“若真有那一天,大哥打我罵我管教我,我絕對不還手。”時安笑著看他。
聶明玦心中那點戾氣,當真就被時安這插科打諢的音容笑貌給驅散,再也生不起氣來。
藍曦臣欣慰一笑,大哥終究是關心時安纔會如此疾言厲色,時安也並非奸惡之人,纔會如此泰然自若。
慶功宴上,金光善有意讓時安跟在他身後,但又擔心時安吃裡扒外,不肯聽他驅使,特意敲打一番:“一會各家宗主都會到場,你跟在我身邊,多學多做,切記要懂禮,不可胡言亂語!”
時安輕笑:“我隻是姓金,但不入金陵台,招待各宗門的事,不該由子軒兄長為父親分憂嗎?”
金光善又黑臉,子軒要是聽話,願意去和那些人打交道,他還用得著找這迕逆庶子?
時安可不管他什麼想法,直接道:“大哥約了我喝酒,慶功宴時,我應是與他一同到場。”
金光善喝罵:“你姓金!你跟聶氏一起入場算怎麼回事,就那麼喜歡給他聶明玦做家奴?”
時安冷冷看他:“從前,我是他副使,算客卿。如今,我是他結義兄弟,算……自己人吧!總之,都與家奴無關。”

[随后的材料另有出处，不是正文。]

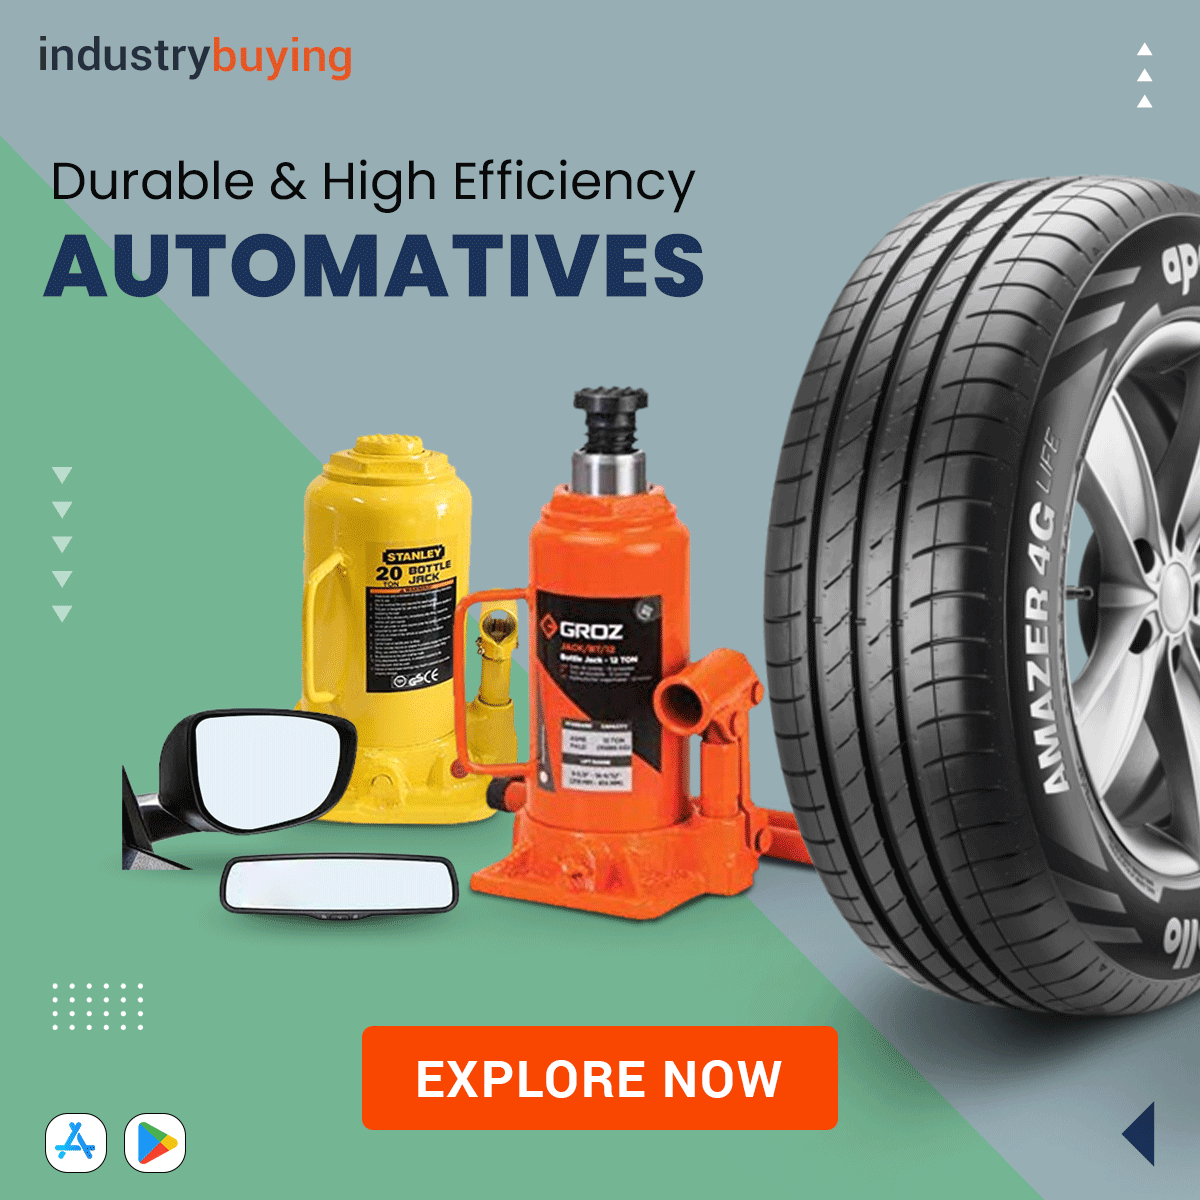 🚚Upgrade Your Fleet with Top-Quality Automotive Parts! Explore now on Industrybuying-> bit.ly/3oZL7CZ 💯

#AutomotiveSupplies #autopartsstore #autopartswholesaler #autopartsforsale #autopartssupplier #autopartsshop #vehicleparts #vehicleaccessories #autoparts #b2b

“從金陵台滾落,我另尋出路後便發現,世上都是好人。”
金光善冷哼一聲:“既然拿了我東西,叫我一聲父親,父親的吩咐你便不可忤逆。隨我一同出席,也見見仙門百家的人。”
時安這才應下,冇辦法,他確實收錢了。
所以,宴席剛開始,時安就跟個木頭樁子一樣杵在金光善身後。除非有人主動跟他說話,不然他就自己愣神,主打一個寧可自己丟臉,也不能給金光善長臉。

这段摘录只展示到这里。